Megastructuren als de wolkenkrabber worden door de technologische ontwikkeling steeds hoger. Het levert een wedloop van naties en steden ter wereld op, met als doel het grootste, hoogste en duurste bouwwerk te realiseren. Deze prestigedrang gaat gepaard met het verlangen om de zwaartekracht te trotseren. Naast deze psychologische insteek rondom de “wolkenkrabber” is er natuurlijk ook de praktische kant van het verhaal; het is een uitkomst voor de verdichting en intensivering van de stad. Het is dan ook een logisch gevolg dat wolkenkrabbers steeds meer op verticale dorpen gaan lijken door hun mix en clustering van functies. Het contact met het maaiveld zal bij nog verdere intensiveringen en verdichtingen verder verminderen.
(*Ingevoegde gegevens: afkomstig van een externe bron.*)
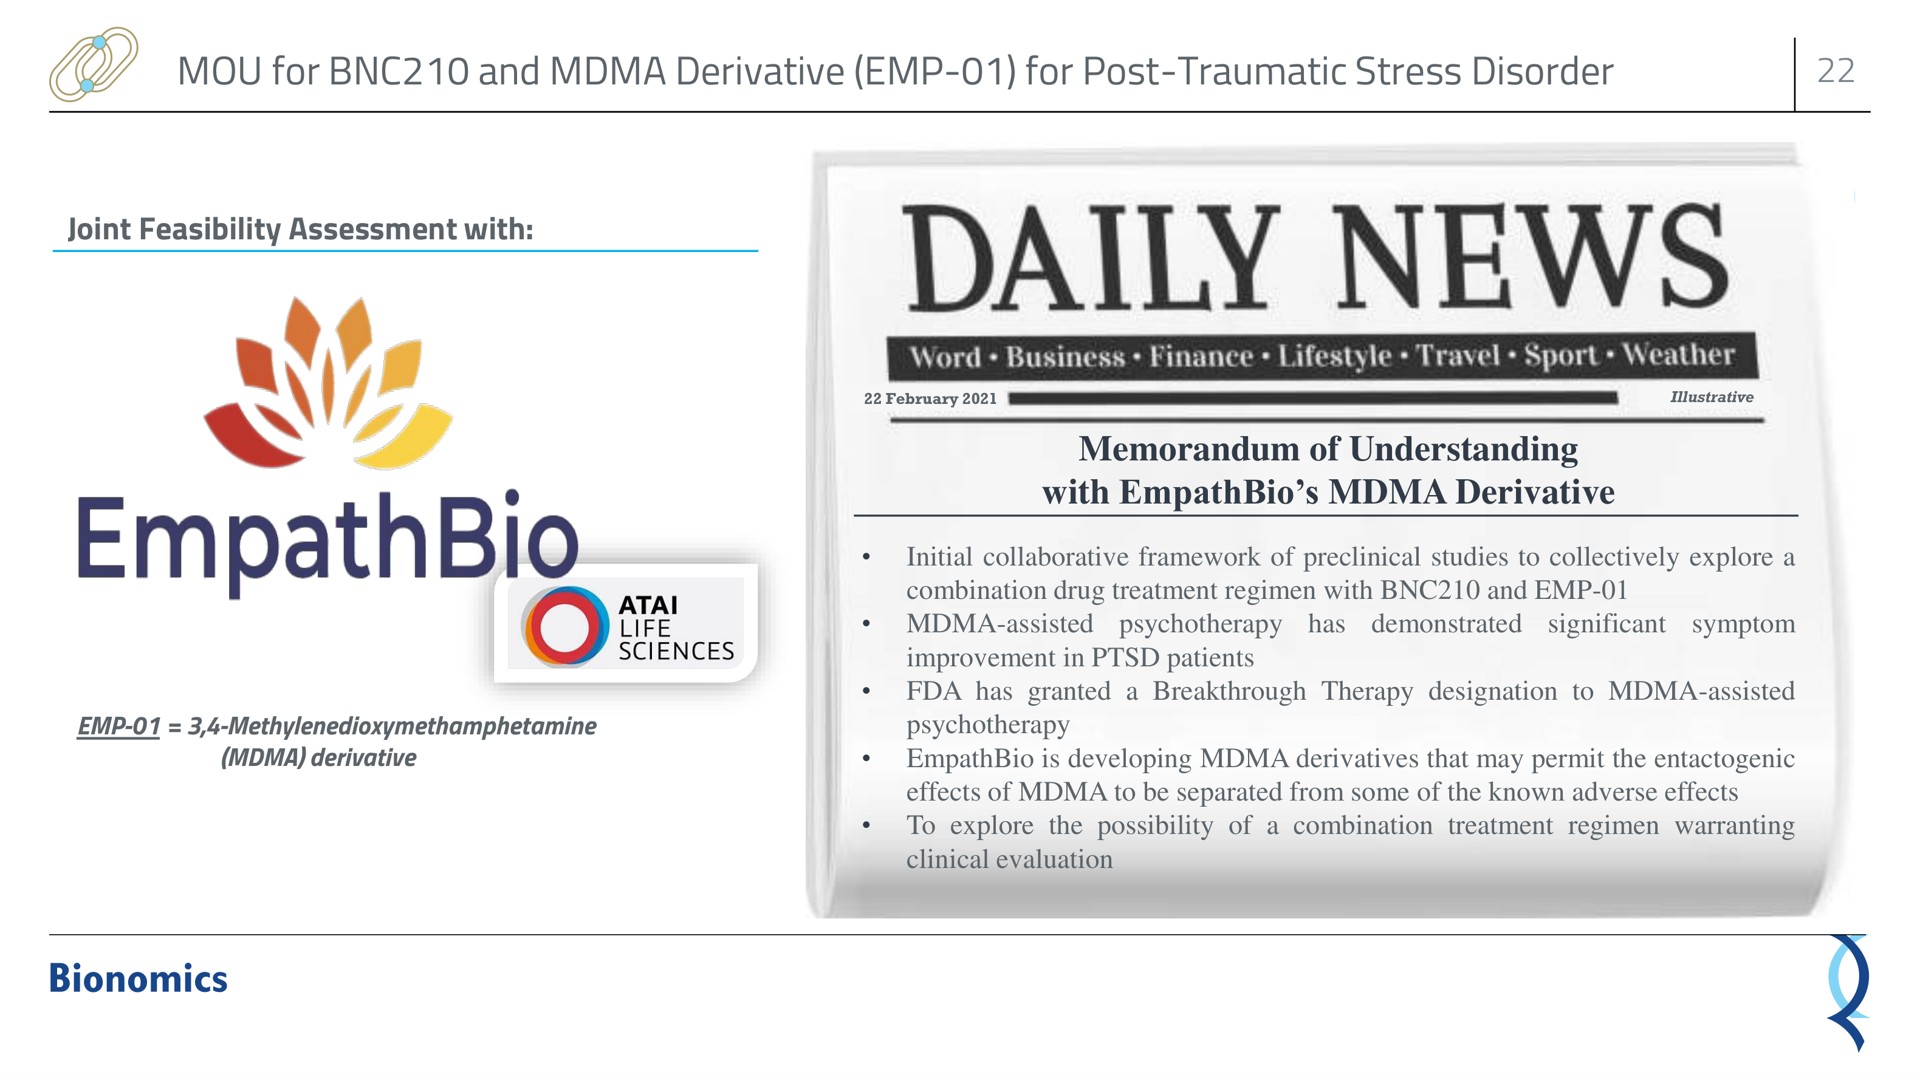 mou for and derivative for post traumatic stress disorder memorandum of understanding with derivative daily news | Bionomics

Bovenstaand als uitgangspunt genomen komen we tot een ontwerp dat zich als een buitenaards ruimteschip presenteert op deze aarde. Het archetype "raket" is uitgangspunt geweest voor de uitwerking van een “verplaatsbaar” en zwaartekracht trotserend bouwwerk. Qua schaal is bewust niet ingegaan op de huidige wedloop, maar met "de voeten op de grond" tot een schaal beperkt die een functionele diameter (50m) van het gevaarte oplevert; de hoogte is daarmee slechts 323 meter; even hoog als het drielandenpunt van Nederland en de Eifeltoren in Parijs.
Het conceptueel rondreizend gebouw heeft als voordeel een mogelijke interactie tussen verschillende culturen. Het interieur van het gebouw is dus afhankelijk van zijn omgeving, tevens wordt het interieur gevormd door de geschiedenis van bezochte locaties. De voor hoogbouw gebruikelijk loskoppeling tussen exterieur en interieur is dus ook hier van toepassing. Het levert inwendig een divers gebouw op dat zich met zijn uniforme gevel schaart in zijn omgeving maar qua vorm typerend genoeg is om ook als autonoom object te fungeren.
Het voordeel van de gebruikte typologie is de gespleten voet. Daarmee kan het gebouw het waarmaken om op plaatsen te infiltreren die als niet bebouwbare ruimte in steden zijn bestempeld; te denken aan verkeersknooppunten of over pleinen en parken heen. Het minimale oppervlak van de poten wordt op niveau samengebald tot het hoofdlichaam van het gebouw. Waar de poten het lichaam ondersteunen wordt een nieuw stedelijk plein op hoogte geïntroduceerd.